见她们都讨厌黎枝枝,黎素晚的心渐渐放下来,她抿唇笑道:“没办法,爹爹心善,她是从乡下来的,什么都不懂,还叮嘱要我好好照顾她。”
“这种货色,”萧嫚嗤笑一声,道:“既是你家亲戚,我们一定好好照顾。”
身为好友,黎素晚哪能不知道她话里的意思?光是设想黎枝枝被萧嫚刁难的情景,她便觉得兴奋起来。
这么想着,她回头扫了一眼,没看见黎枝枝的身影,也不知去哪里了。
……
黎枝枝顺着人群往前走,读书的地方是在明德堂,这条路她再熟悉不过,可是……
黎枝枝住了步子,她望着前面呈半月形的湖,有些迟疑,清风徐来,湖面水波粼粼,朝阳洒落在其上,如一块一块碎金,漂亮极了。
美则美矣,然而黎枝枝不敢靠近,只是多看一眼,那种溺水窒息的感觉便汹涌而至,令她手足发冷,无法动弹。
起初黎枝枝以为是受惊所致,渐渐就会好起来,但是过了这么多天,她还是很怕水,哪怕是从湖边经过,她也会忍不住浑身发颤,头晕目眩。

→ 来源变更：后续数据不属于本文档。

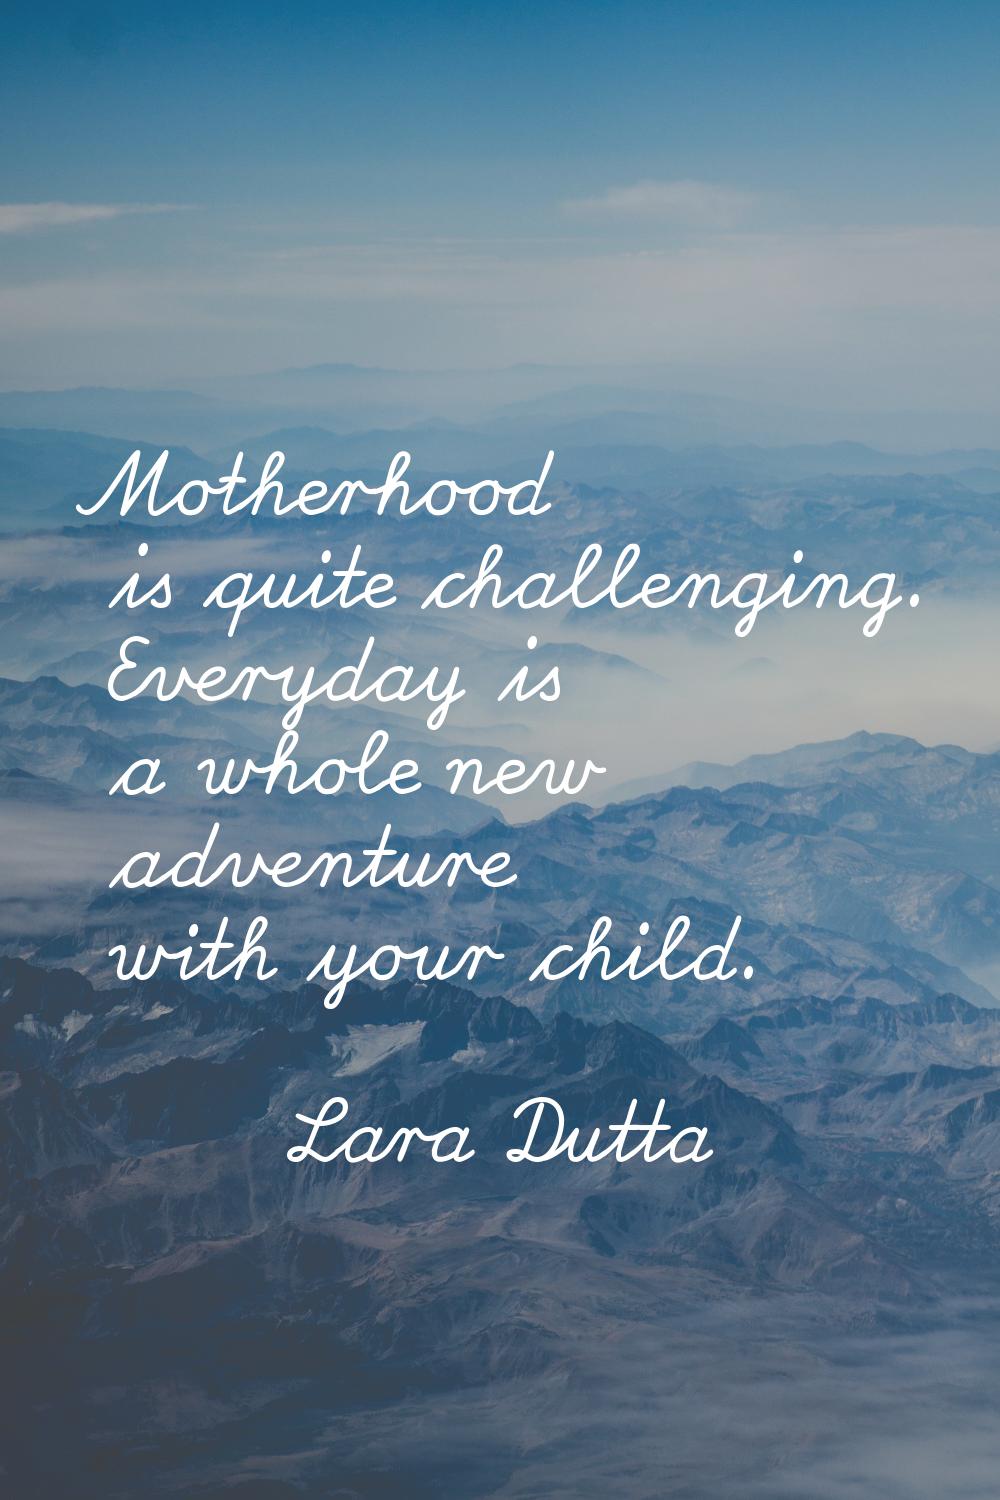 Motherhood is quite challenging. Everyday is a whole new adventure with your child.
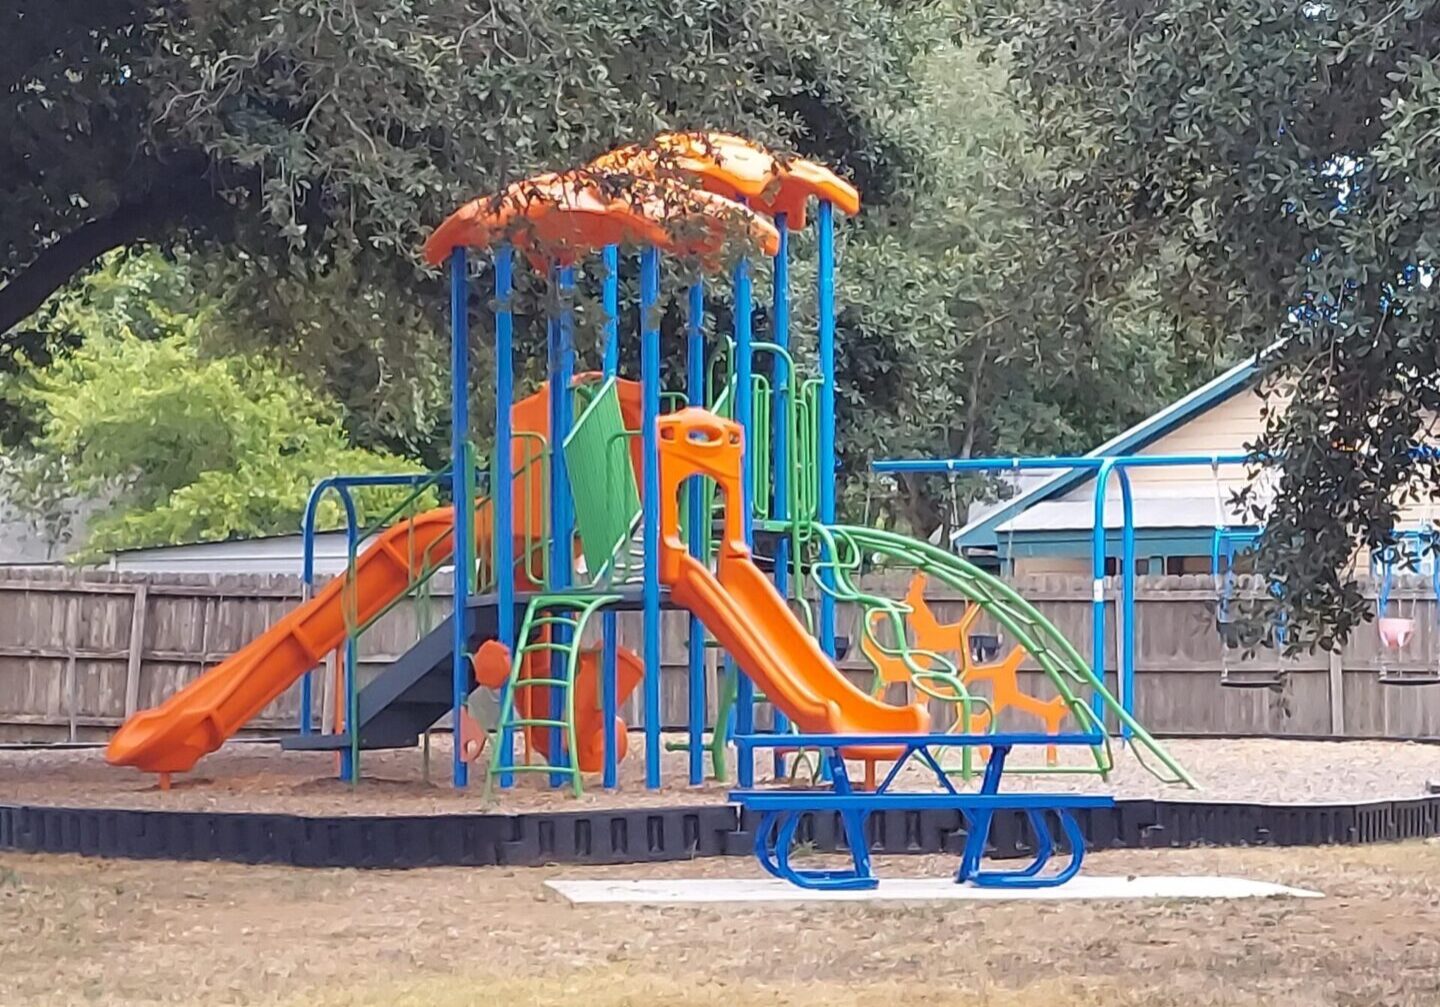 A playground with slides and swings in the middle of a park.

可这是去明德堂的必经之路,黎枝枝的脸色微微发白,她犹豫片刻,拐入了旁边的小径,从这里可以绕开小镜湖,只是需要花费更长的时间而已,好在她脚程快的话,应该不会误了时辰。
小径有些偏僻,地上铺着青石板,缝隙里生出茸茸的青苔,还有不知名的小花儿,可见平日里少有人来,空气安静,两侧种了许多花木,风一吹便簌簌摇动起来。
正在这时,黎枝枝冷不丁听见了一阵哭声,她下意识打了一个抖,四下张望,可那哭声只有那么一下,空气很快就恢复了安静,黎枝枝疑心自己听错了。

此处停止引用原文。